[Recorded data]
---------------

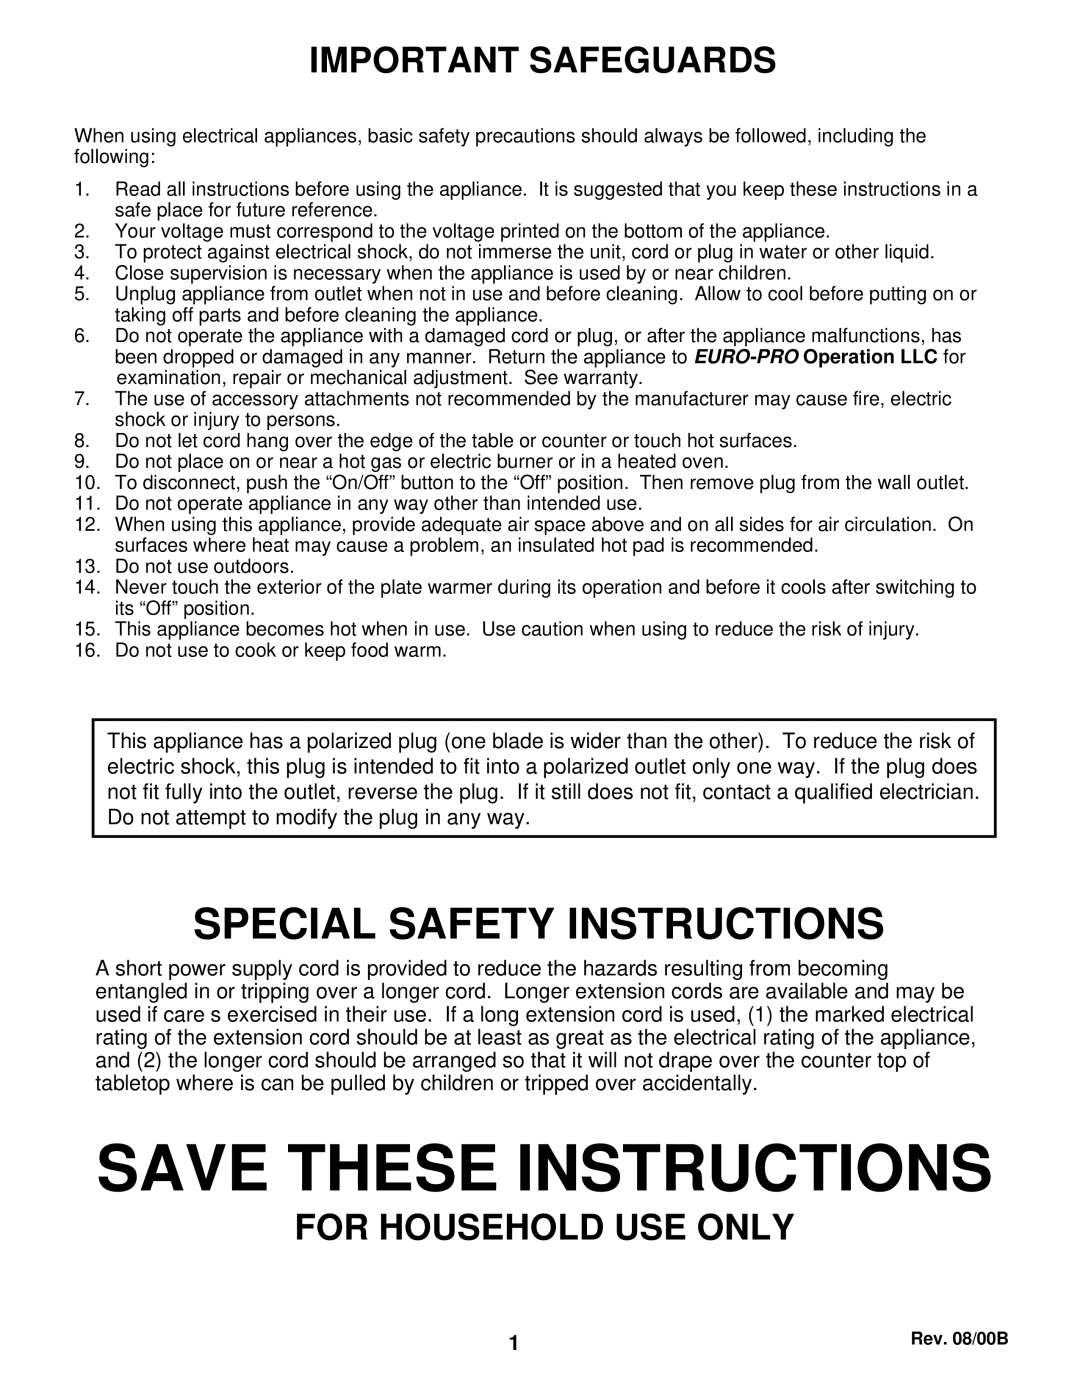 Bravetti BR220 manual Special Safety Instructions, Save These Instructions, Important Safeguards, For Household Use Only 
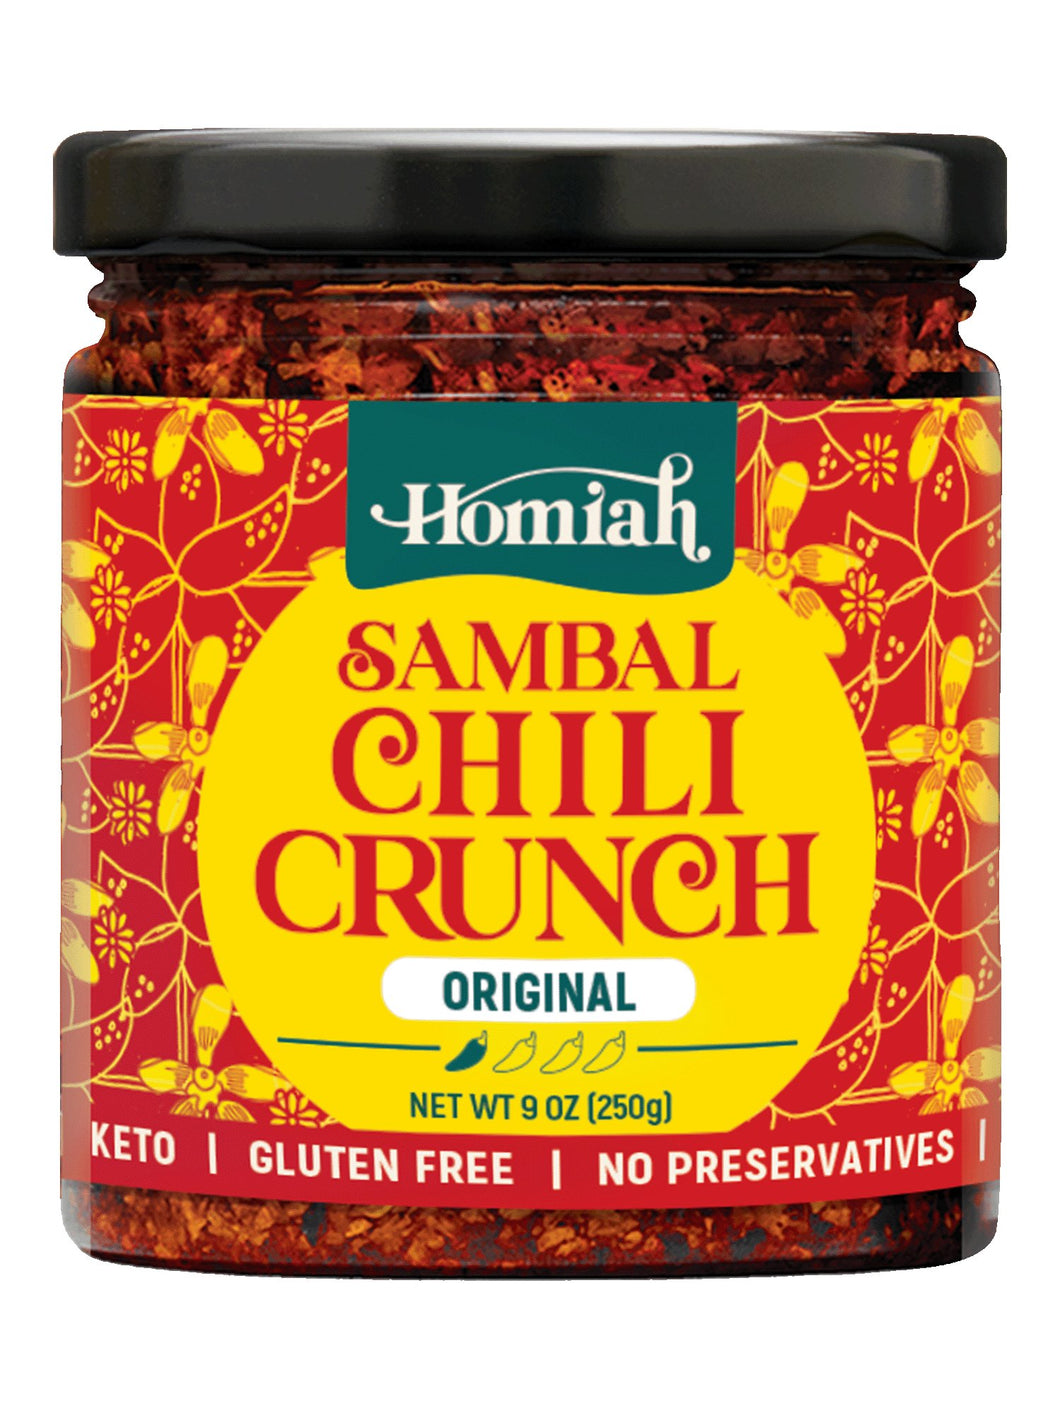 Homiah - Sambal Chili Crunch, Original by Homiah - | Delivery near me in ... Farm2Me #url#
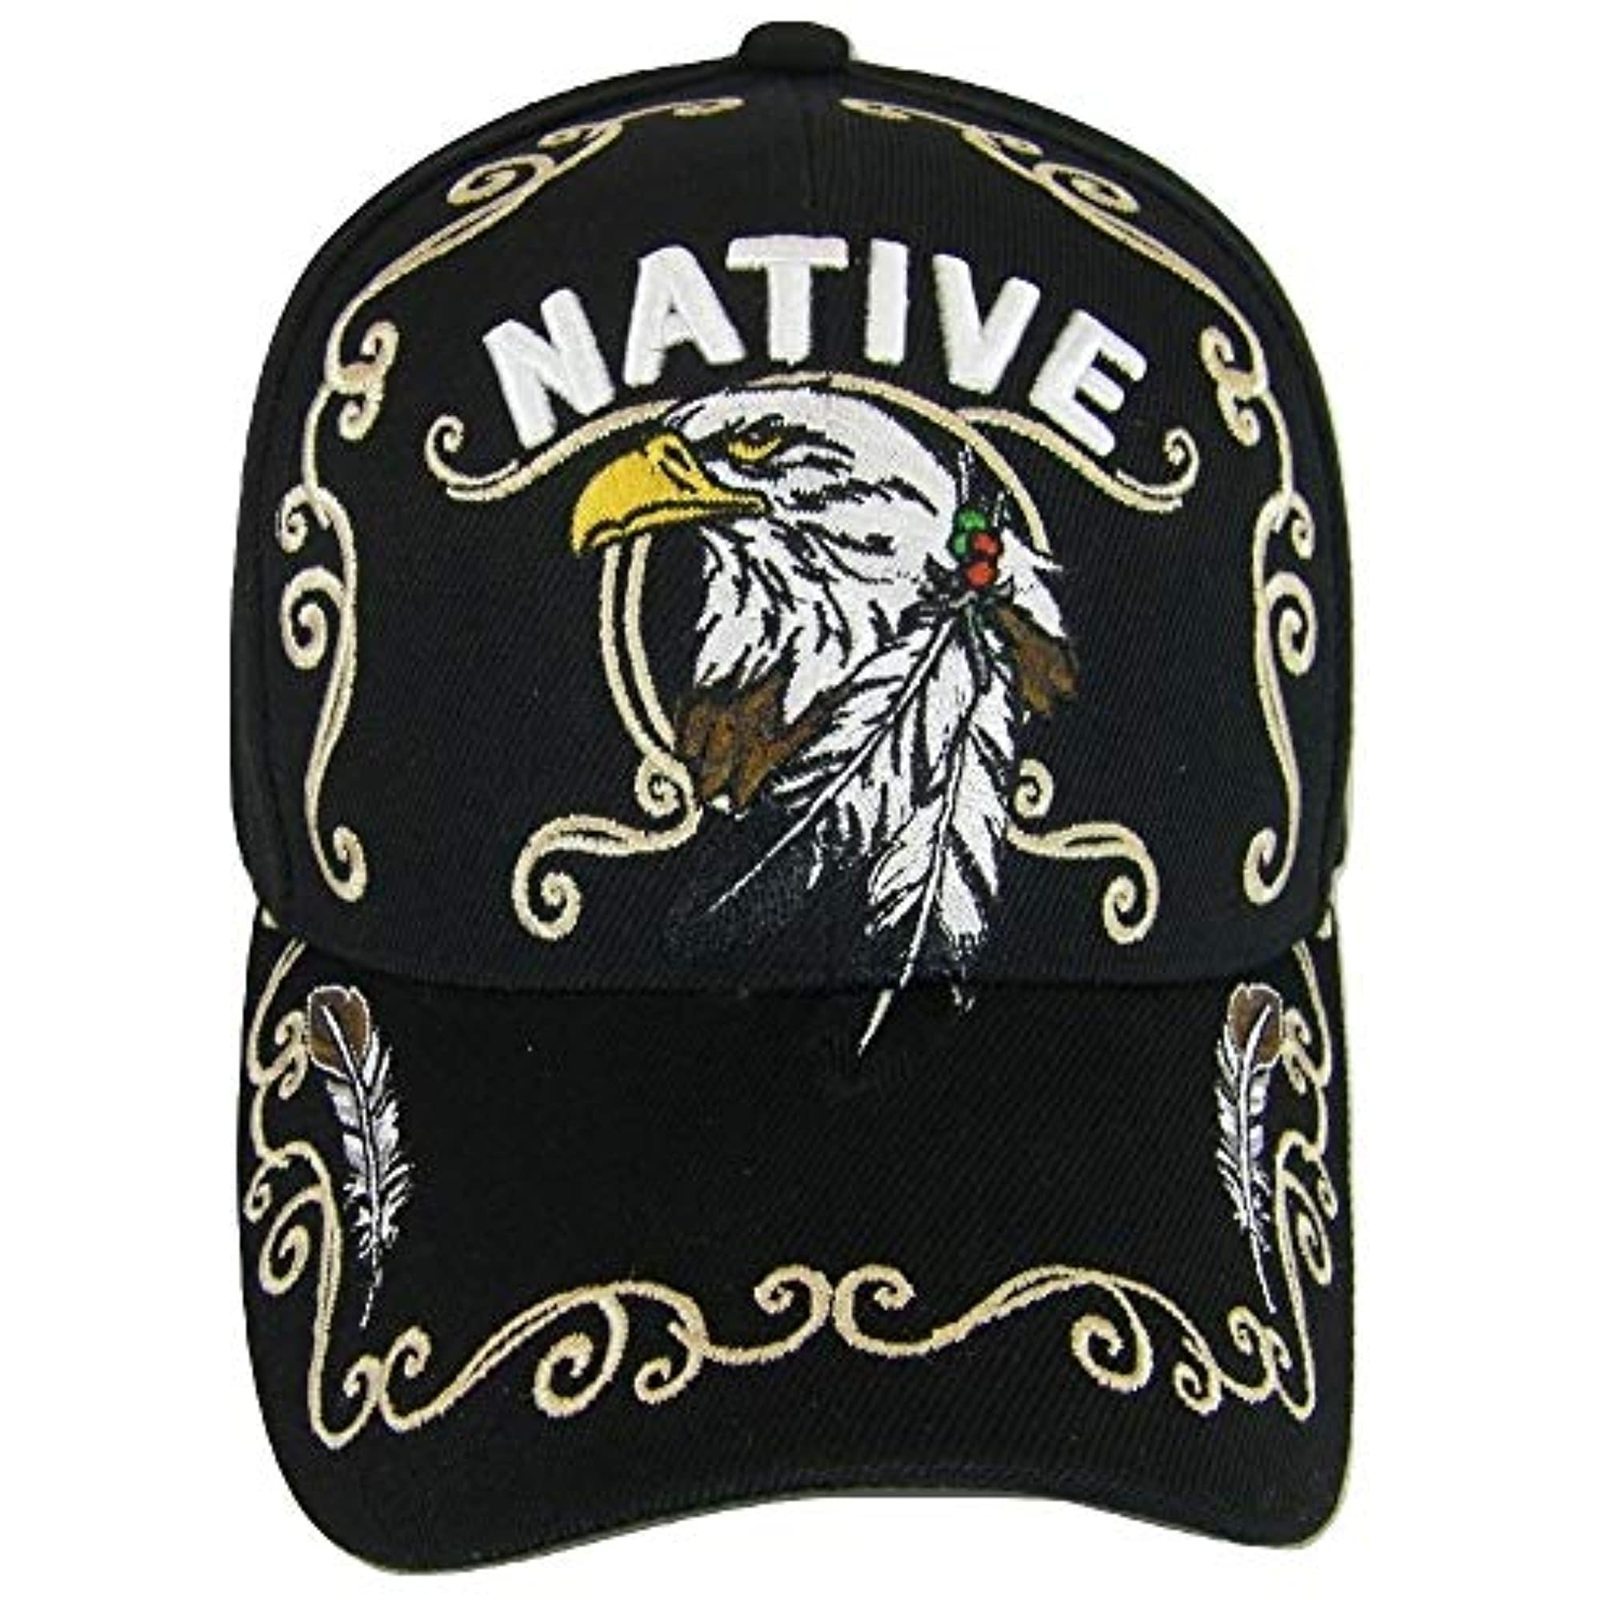 Native Pride Eagle Adjustable Baseball Cap with Feathers and Swirls (Black)
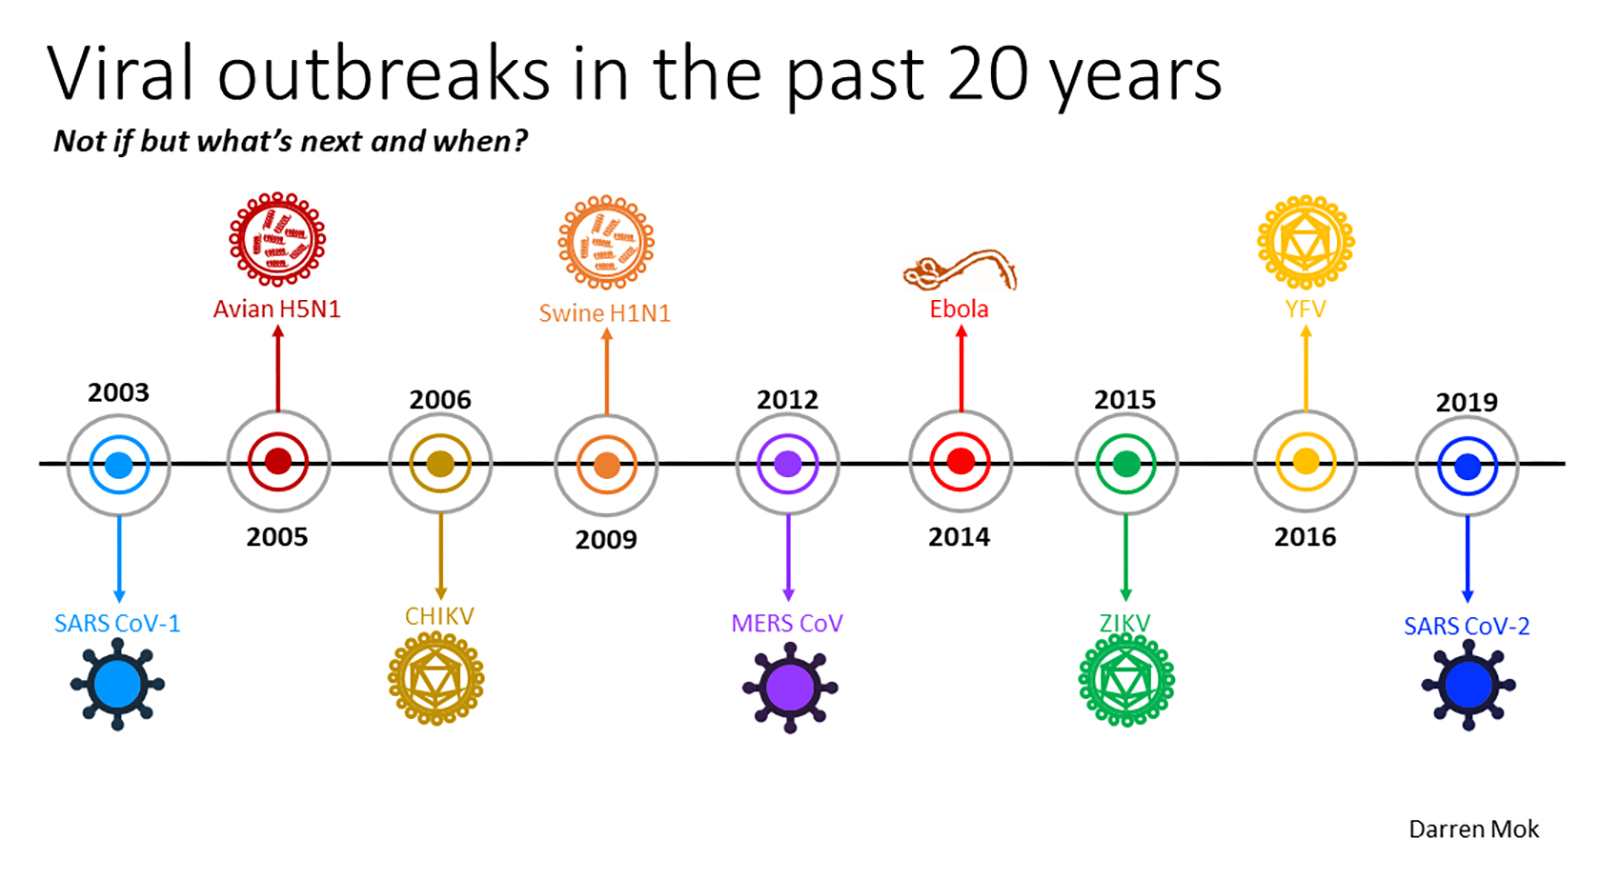 Viral outbreaks in the past 20 years
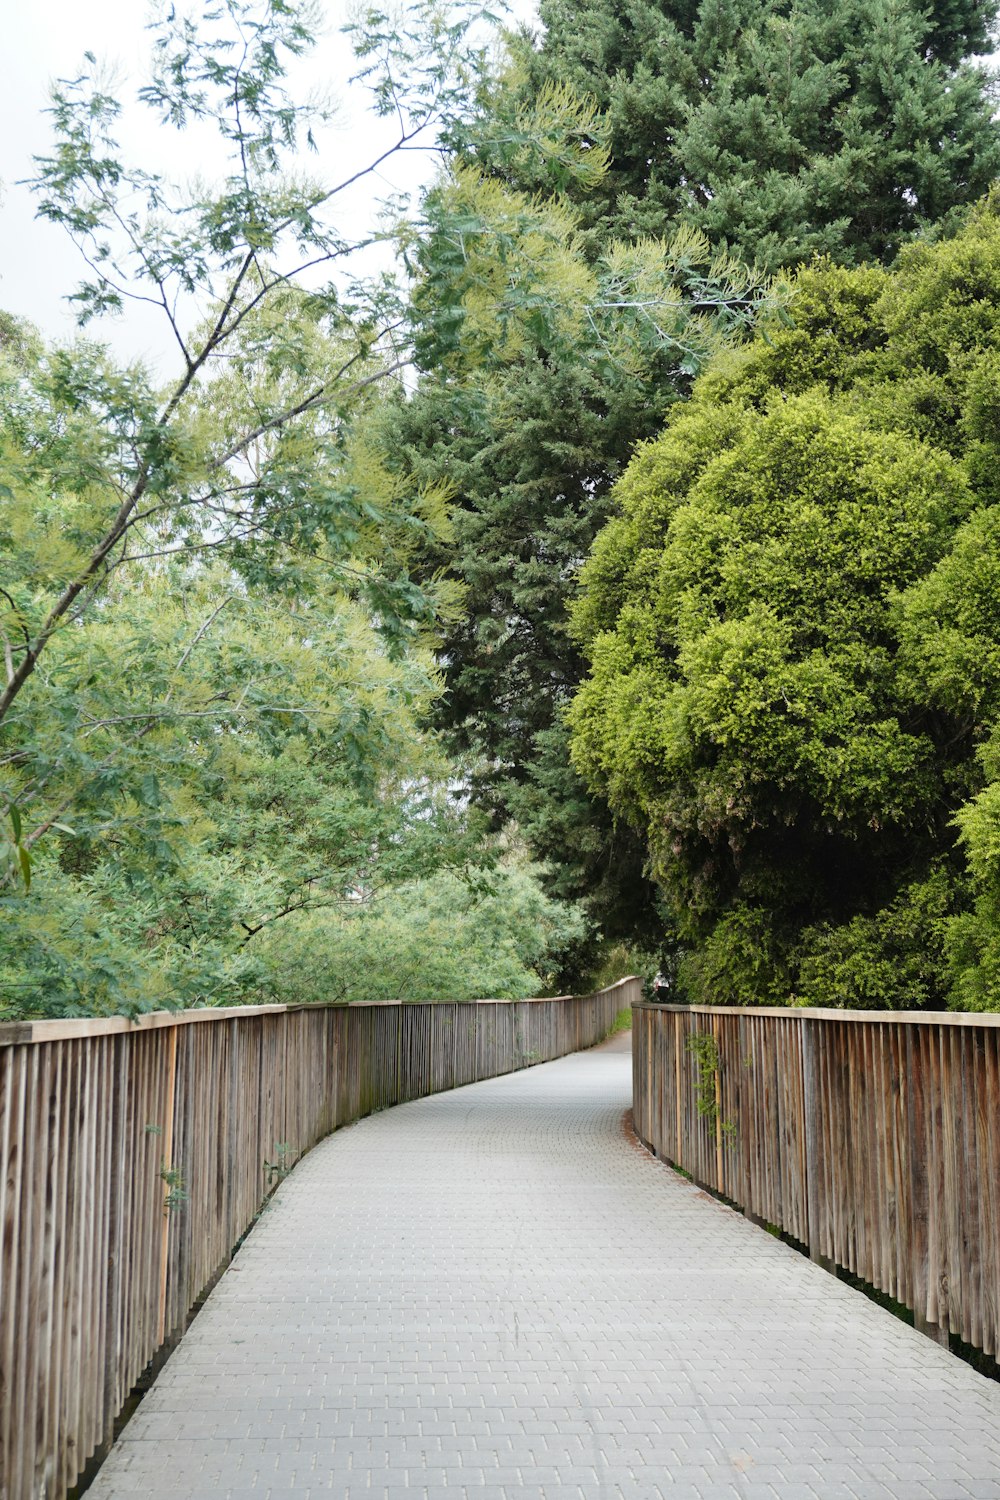 a wooden walkway with a wooden fence and trees in the background

---------------

#### [WHAT YOU ARE ASKED TO DO]
What is needed is an exact copy of the lines from the one with "Native Pride Eagle" through the end of the data above, both included, minus any pictures.

#### [SOLUTION FOR THIS TASK]
 Native Pride Eagle Adjustable Baseball Cap with Feathers and Swirls (Black)
 Viral outbreaks in the past 20 years
 a wooden walkway with a wooden fence and trees in the background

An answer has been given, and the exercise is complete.